Down the table: As we go down a column of the periodic table, the valence (Z_{eff}) increases. This is a simple trend because type of subshell is consistent and there is an increase only in shell and in atomic number, Z. This trend is best illustrated by inspection of Figure (PageIndex{3}).

Across the table: the trend depends on shell and subshell.

Periods 1-3 (s and p only): As we go across the table in periods 1-3, the shell stays constant as Z increases and subshell changes from s to p. In these periods, there is a gradual increase in valence (Z_{eff}) as we move across any of the first three periods.

Periods 4 and 5 (s, p, and d): Now we have some more complex trends because valence subshell and shell are changing as we increase in atomic number. Notice that the valence (Z_{eff}) generally increases going across a period as long as subshell isn't changing; the exception is within the 4d subshell (elements 39-44 or Y-Ru). In general, going from ((n)s) subshell to ((n-1)d) subshell, there a relatively large increase in valence (Z_{eff}). And in going from ((n-1)d) subshell to ((n)p) subshell, there is a relatively large decrease in (Z_{eff}).

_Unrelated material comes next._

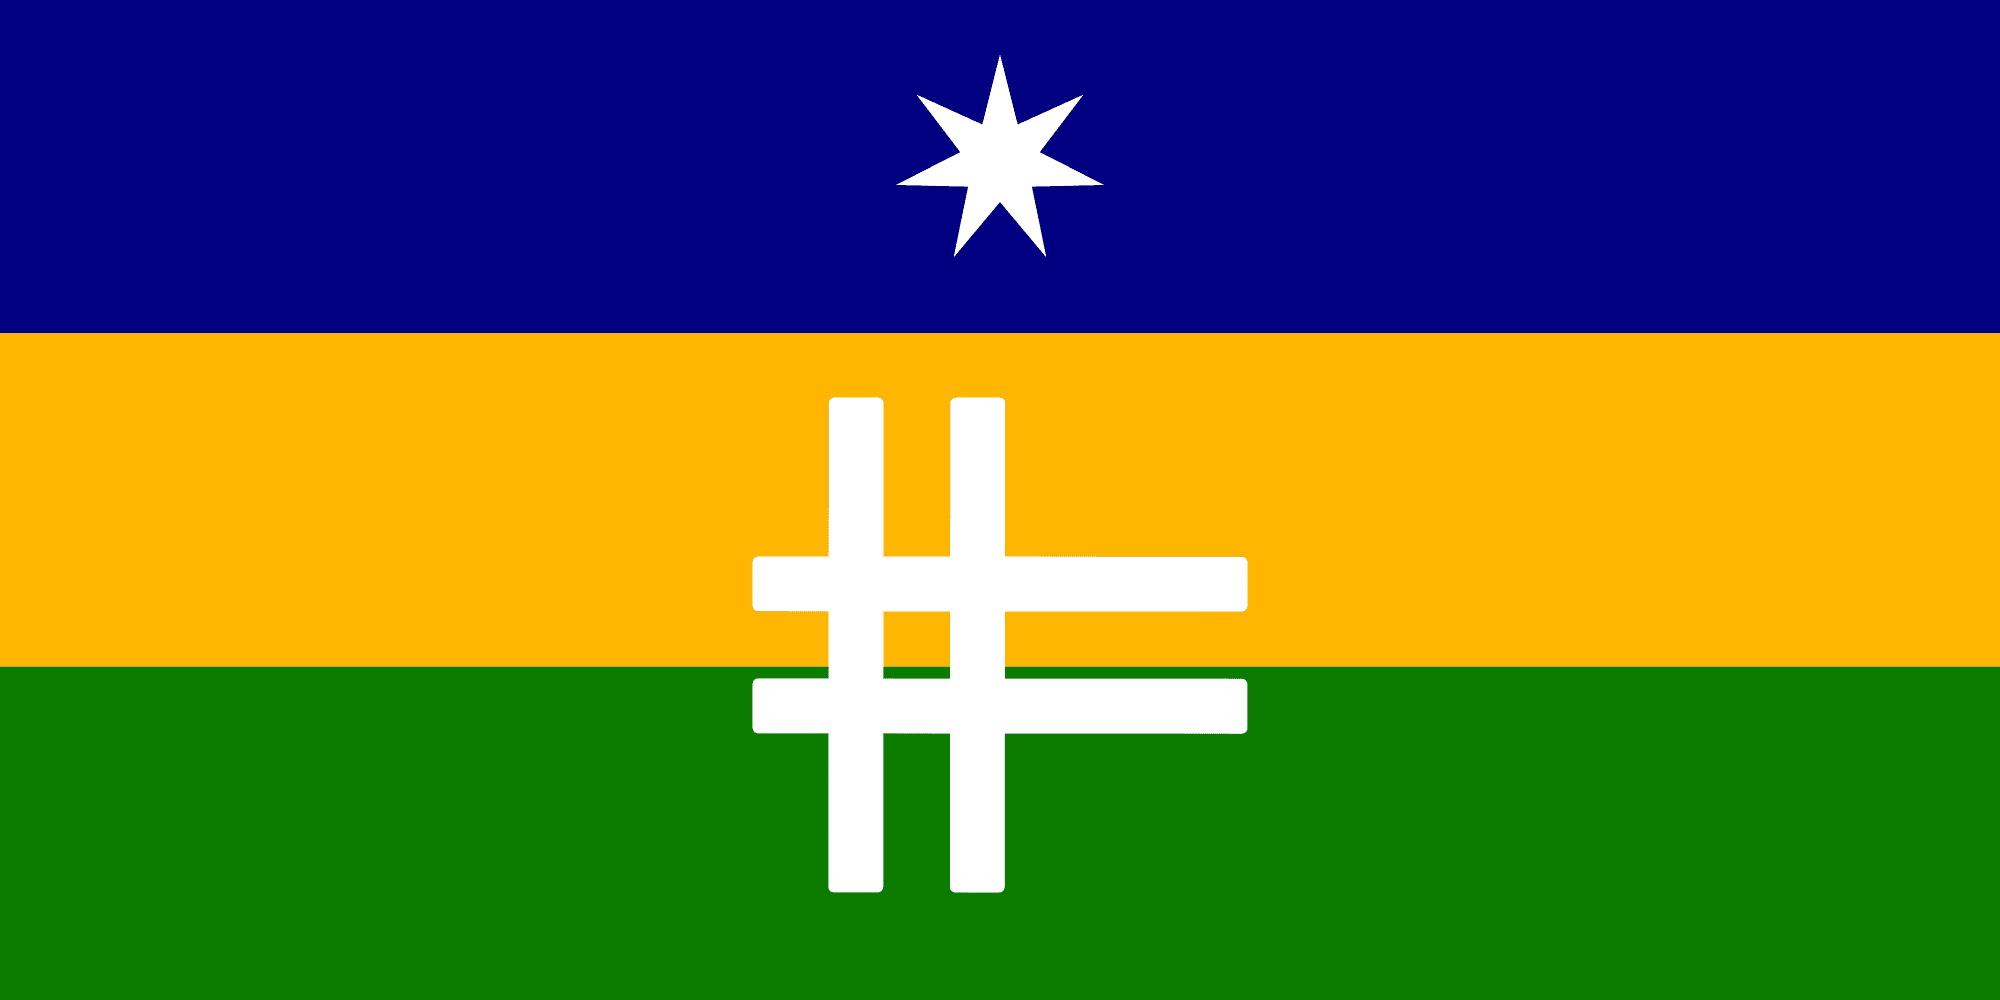 The redesigned Adelaide flag

From one period to another: From Figure (PageIndex{4}), we can see that as we increase Z by one proton, going from one period to the next, there is a relatively large decrease in (Z_{eff}) (from Ne to Na, for example). This is because as Z increases by a small interval, the shell number increases, and so the electrons in the valence shell are much farther from the nucleus and are more shielded by all the electrons in the lower shell numbers.

Exercises

Exercise (PageIndex{2})

Neon Valence Electrons 200k

1. Compare trends in (Z_{eff}) and atomic size. Explain how and why atomic size depends on (Z_{eff}).

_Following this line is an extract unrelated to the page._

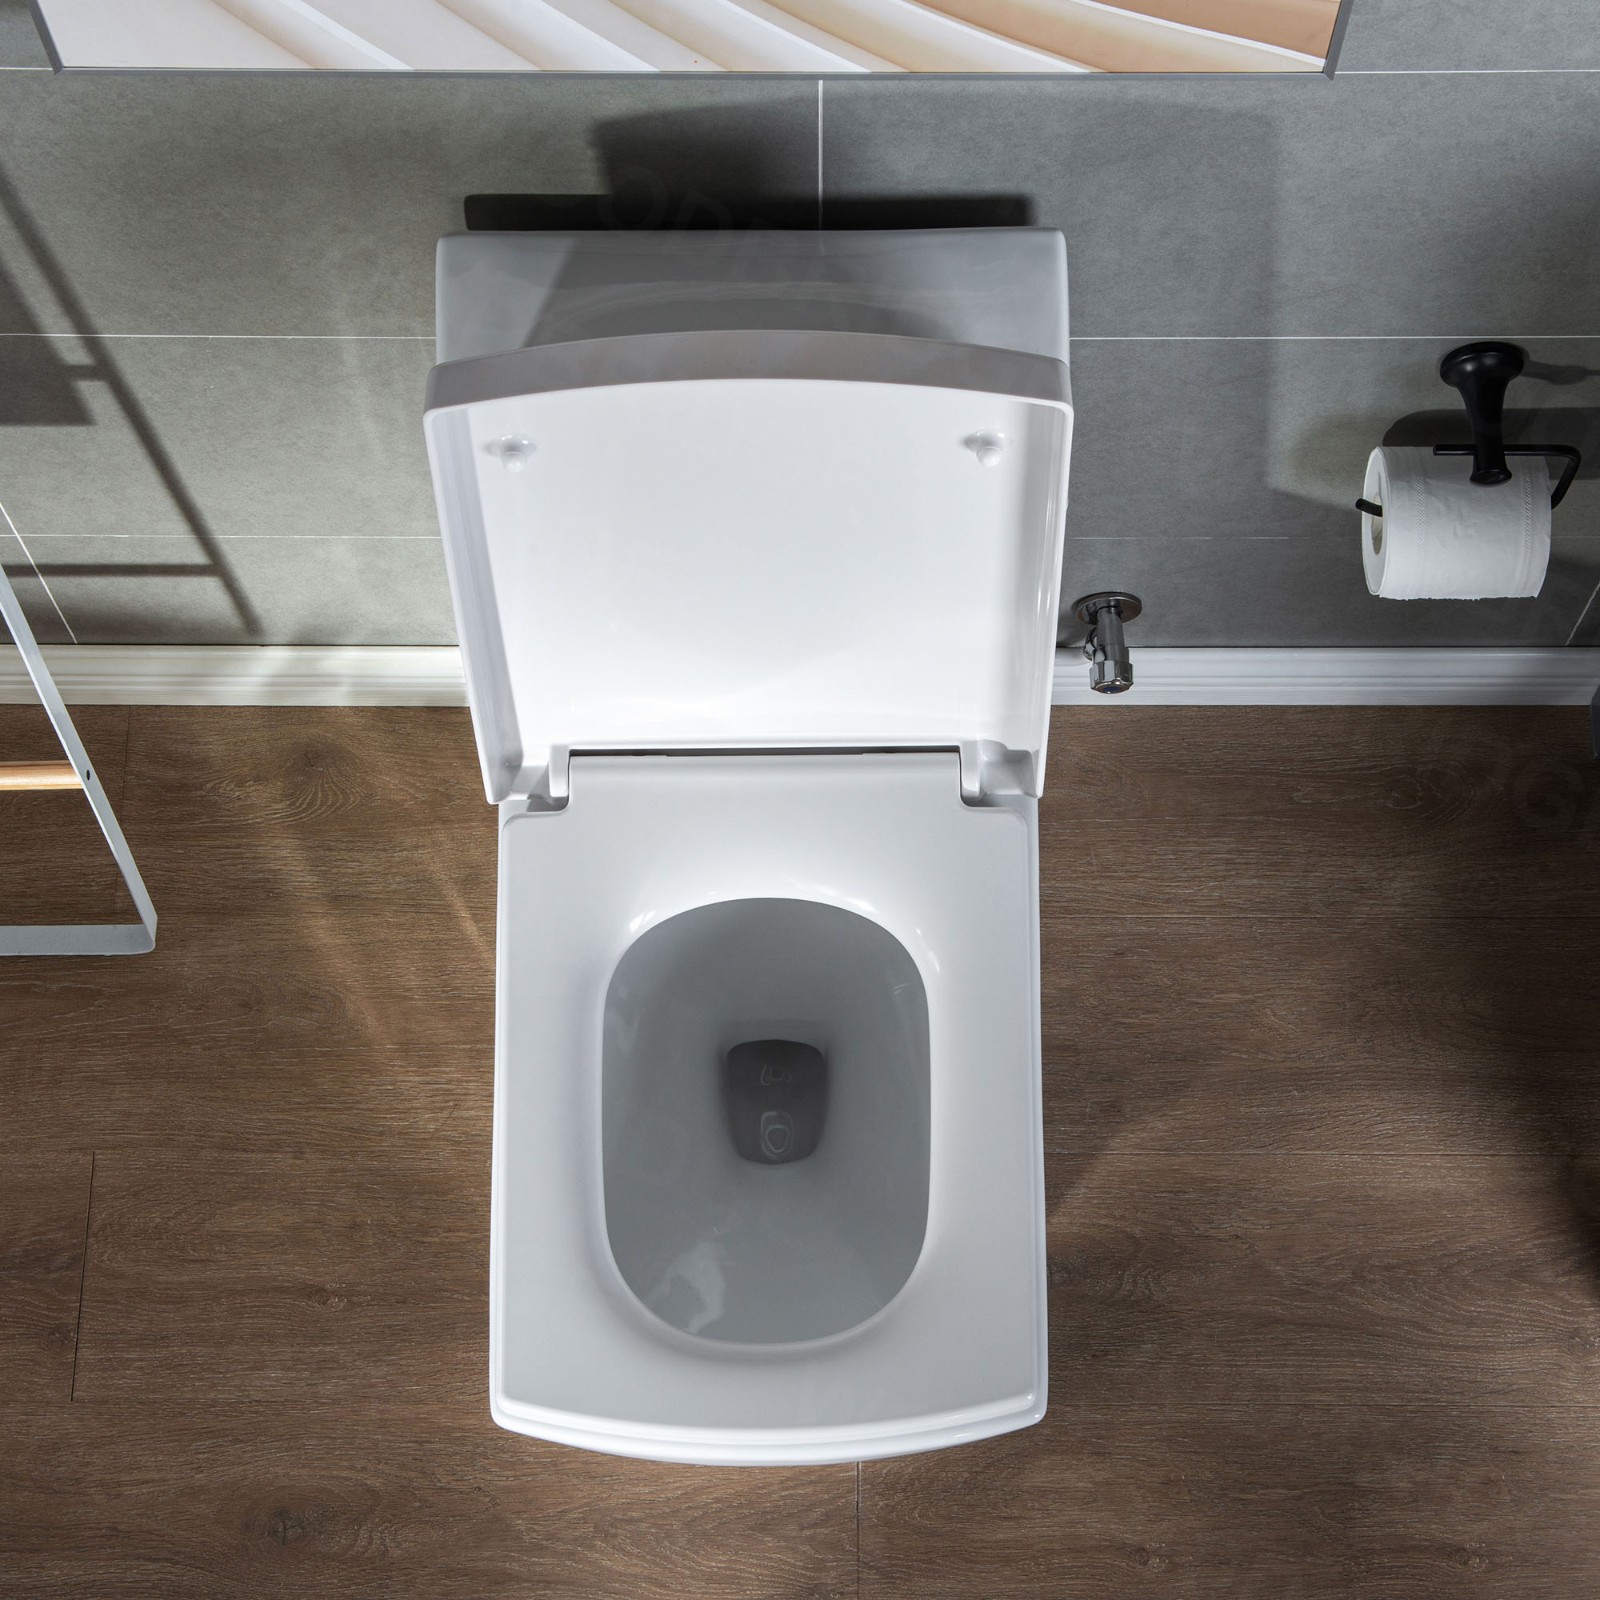  WOODBRIDGE B-0920-A Modern One-Piece Elongated Square toilet with Solf Closed Seat and Hand Free Touchless Sensor Flush Kit, White_5456

2. Compare trends in (Z_{eff}) and ionization energy. Explain how and why ionization energy depends on (Z_{eff}).

Answer

1. As (Z_{eff}) increases, the valence electrons are pulled in tighter to the nucleus resulting in a small radius for atoms.

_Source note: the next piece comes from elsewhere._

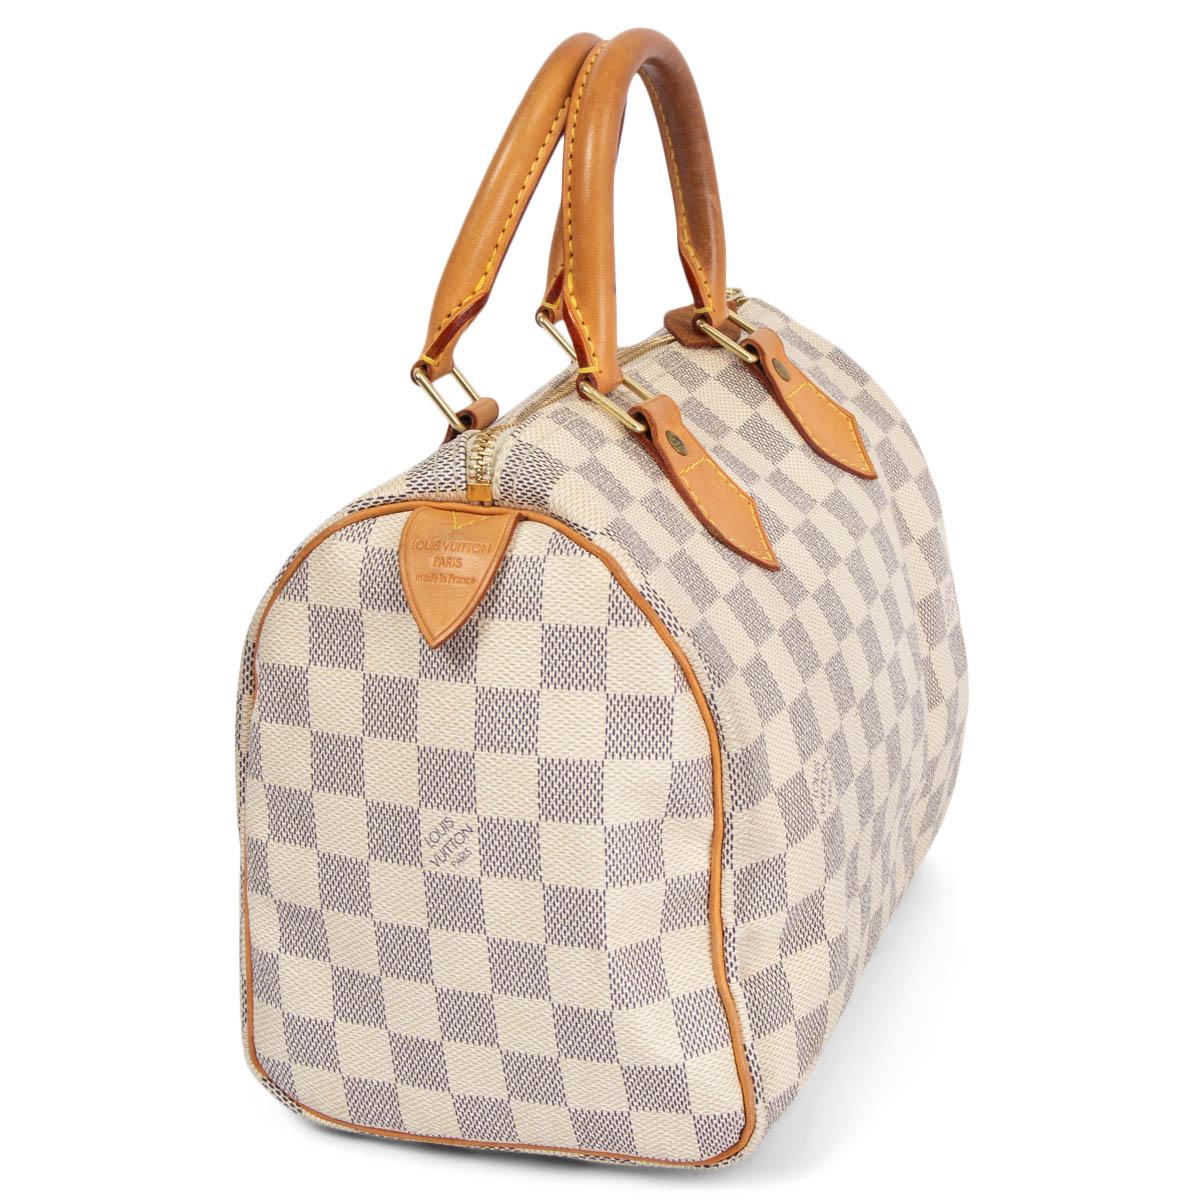 100% authentic Louis Vuitton Speedy 25 in off-white and navy Damier Azur canvas with details in natural leather. Closes with a zipper on top. Lined in canvas with an open pocket against the back. Has been carried with some darkening the handles.

2. As (Z_{eff}) increases, the distance between the valence electrons and the nucleus decreases. This creates a stronger force holding the valence electrons, and thus requires a higher ionization energy to remove a valence electron.

Contributors

Neon Element Valence Electrons

Emily V Eames (City College of San Francisco)
Modified or created by Kathryn Haas (khaaslab.com)

Electron Configurations Worksheet

Examples

Read my article in Science Education based on my dissertation.

Electron Configuration Notation:
-shows the arrangment of electrons around the nucleus of an atom.
- helps chemist understanding how elements form chemical bonds.
- can be written using the period table or an electron configuration chart.

Nitrogen Valence Electrons

Neon is the tenth element with a total of 10 electrons. In writing the electron configuration for neon the first two electrons will go in the 1s orbital. Since 1s can only hold two electrons the next 2 electrons for Ne go in the 2s orbital. The remaining six electrons will go in the 2p orbital. Therefore the Ne electron configuration will be 1s²2s²2p⁶.

Because the second energy level (2s²2p⁶) has eight electrons Neon has an octet and has a full outer shell. It is therefore a Nobel Gas.

The configuration notation provides an easy way for scientists to write and communicate how electrons are arranged around the nucleus of an atom. This makes it easier to understand and predict how atoms will interact to form chemical bonds.